Second, where the money goes in an economy matters, and banks, other financial institutions, and investors are the ones who make the majority of these decisions. Credit unions control relatively little money, but they can still choose to whom to provide a loan. It is also about creating a culture shift. Credit unions can change the factors they consider when evaluating credit-worthiness, and the conditions they attach to the loans they give.

Third, as we look to build a new just and Earth-friendly economy, we need to look deep for the real solutions. Credit unions and co-operatives are as diverse as their publicly-traded corporate counterparts in their behaviour. A review of the literature on co-operatives indicates there is potential for strong ecological performance in co-operatives, but no guarantee. The B Corp certification is similar. This credit union had a very high score in the B Corp certification, but a weak score in the environment category.

So here’s my vision for an Earth-friendly credit union. It starts with Goal Setting and Impact Reduction. It continues with Deep Employee Engagement and Product Integration. The last step is Moving Beyond Less Bad.

Goal Setting and Impact Reduction

This all begins with an inventory of ecological impacts, which can be surprising. For greenhouse gas emissions, while energy use for heating buildings was the largest chunk, reimbursed travel by employees by personal vehicle made up a quarter of the emissions, and the lifecycle emissions of the paper the credit union uses was at least 5% of total emissions. The emissions from employees commuting to work would have added another 50% to the emissions inventory.
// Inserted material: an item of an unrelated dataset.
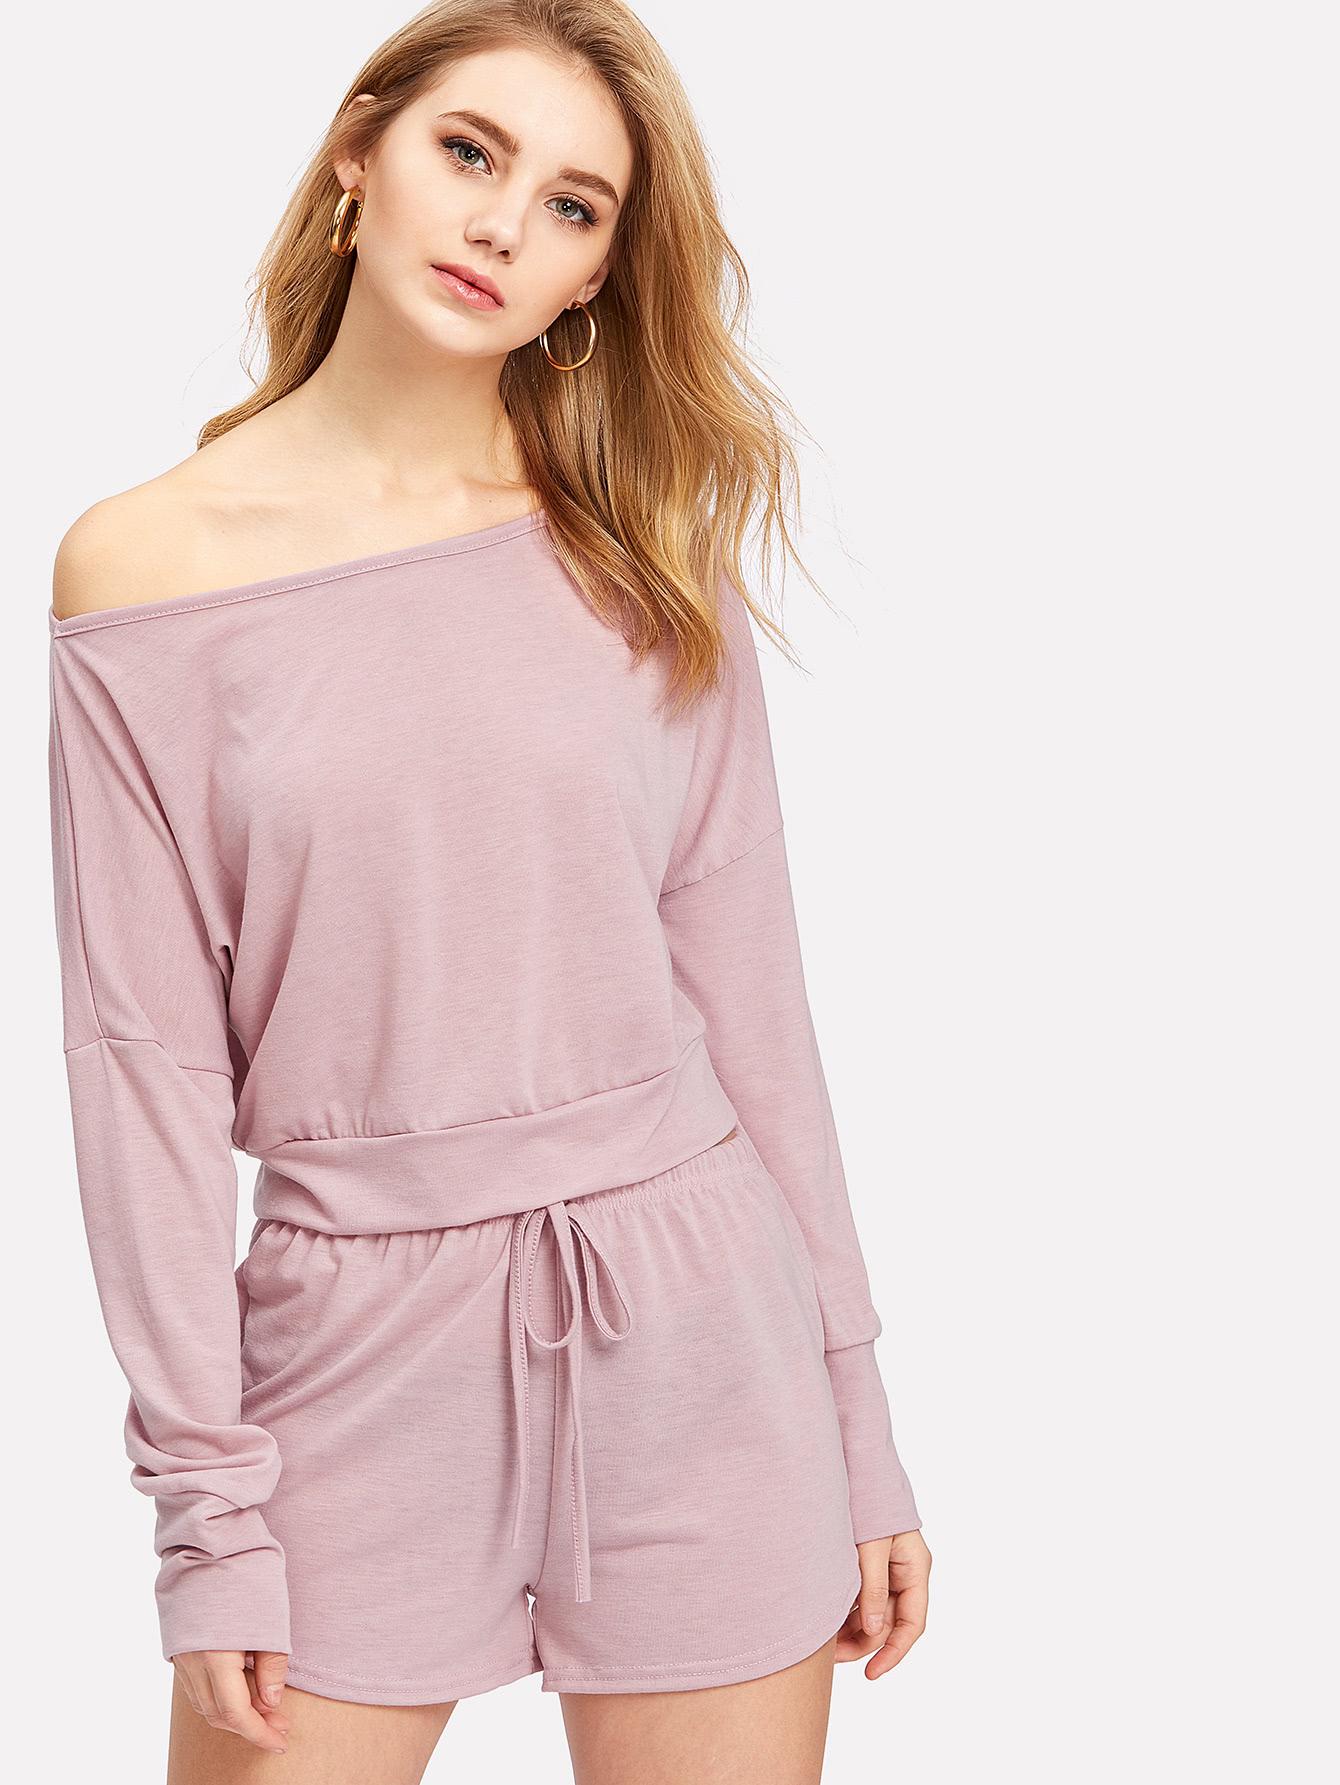 Drop Shoulder Crop Pullover With Shorts drop shoulder water color crop sweatshirt
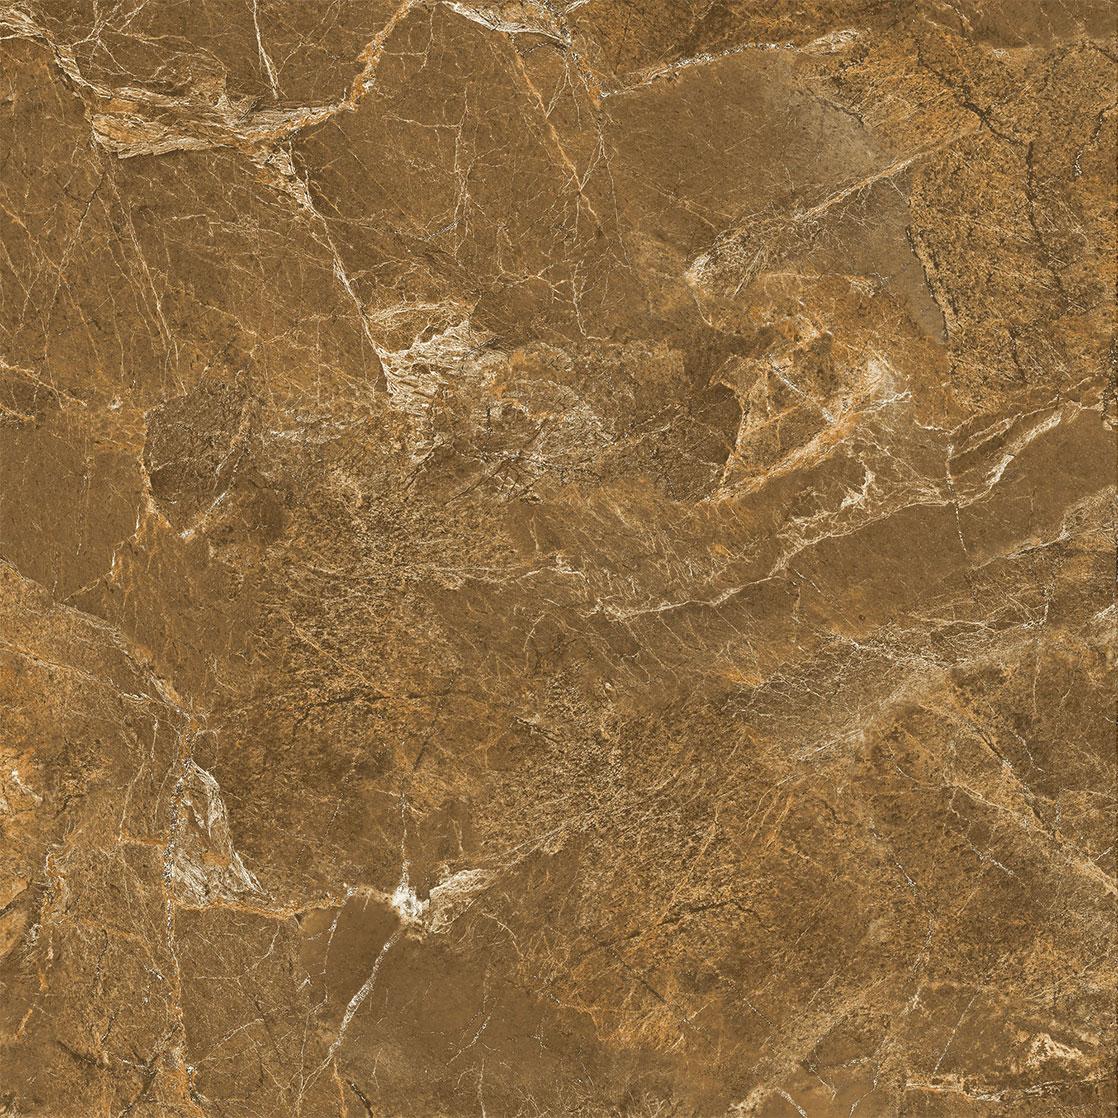 Gạch lát nền 600x600 Viglacera UH B603 giá rẻ

An Earth-friendly credit union needs goals that address their ecological impacts to guide their decision making. In the tradition of Ecological Economics, these goals must be grounded in the scientific understanding of the problem at hand. For climate change, that means goals match the scale and speed of change required to mitigate climate change. Consider:

Become credit neutral in 5 years

Reduce actual emissions by 60% in 10 years

Become carbon free by 2040

The first relies on carbon offsets, an imperfect solution, to demonstrate a commitment. The second requires significant infrastructure investment in new heating systems and alternative transportation. The last acknowledges the need to eliminate fossil fuel use in the next couple of decades. Other goals on water consumption reduction, on-site stormwater management to improve water quality and reduce regional flooding risk, and waste reduction are also necessary.

Deep Employee Engagement and Product Integration

The transition to a just and Earth-friendly economy requires a culture shift. Employers can offer incentives to change behaviour, use the community of a workplace to spread ideas and encourage people to make different choices. Credit unions are also community hubs, places that people visit frequently. This can be leveraged to change member’s behaviour. Product integration is also key: offering free energy audits of a house when issuing a mortgage provided action is taken to reduce energy use, or connecting members with a diverse set of investment opportunities that aren’t reliant on Canada’s natural resource and energy sector.

Moving Beyond Less Bad

Moving Beyond Less Bad is the hardest, but most important part. This is about changing how we think about and relate to our ecosystems, understanding that we are a part of them, and have a responsibility to them. I think this could start with using landscape features around the credit union branches not just as sources of beauty, but as habitat for bees and butterflies. Ultimately this stage requires deep conversations with employees, community members, and representatives for the non-human members of local ecosystems to understand these relationships more deeply.

As the ecological challenges we are facing get more and more severe, let’s all take the time to understand our agency – as members of ecosystems, workplaces, communities, and political cultures – and use it to create change.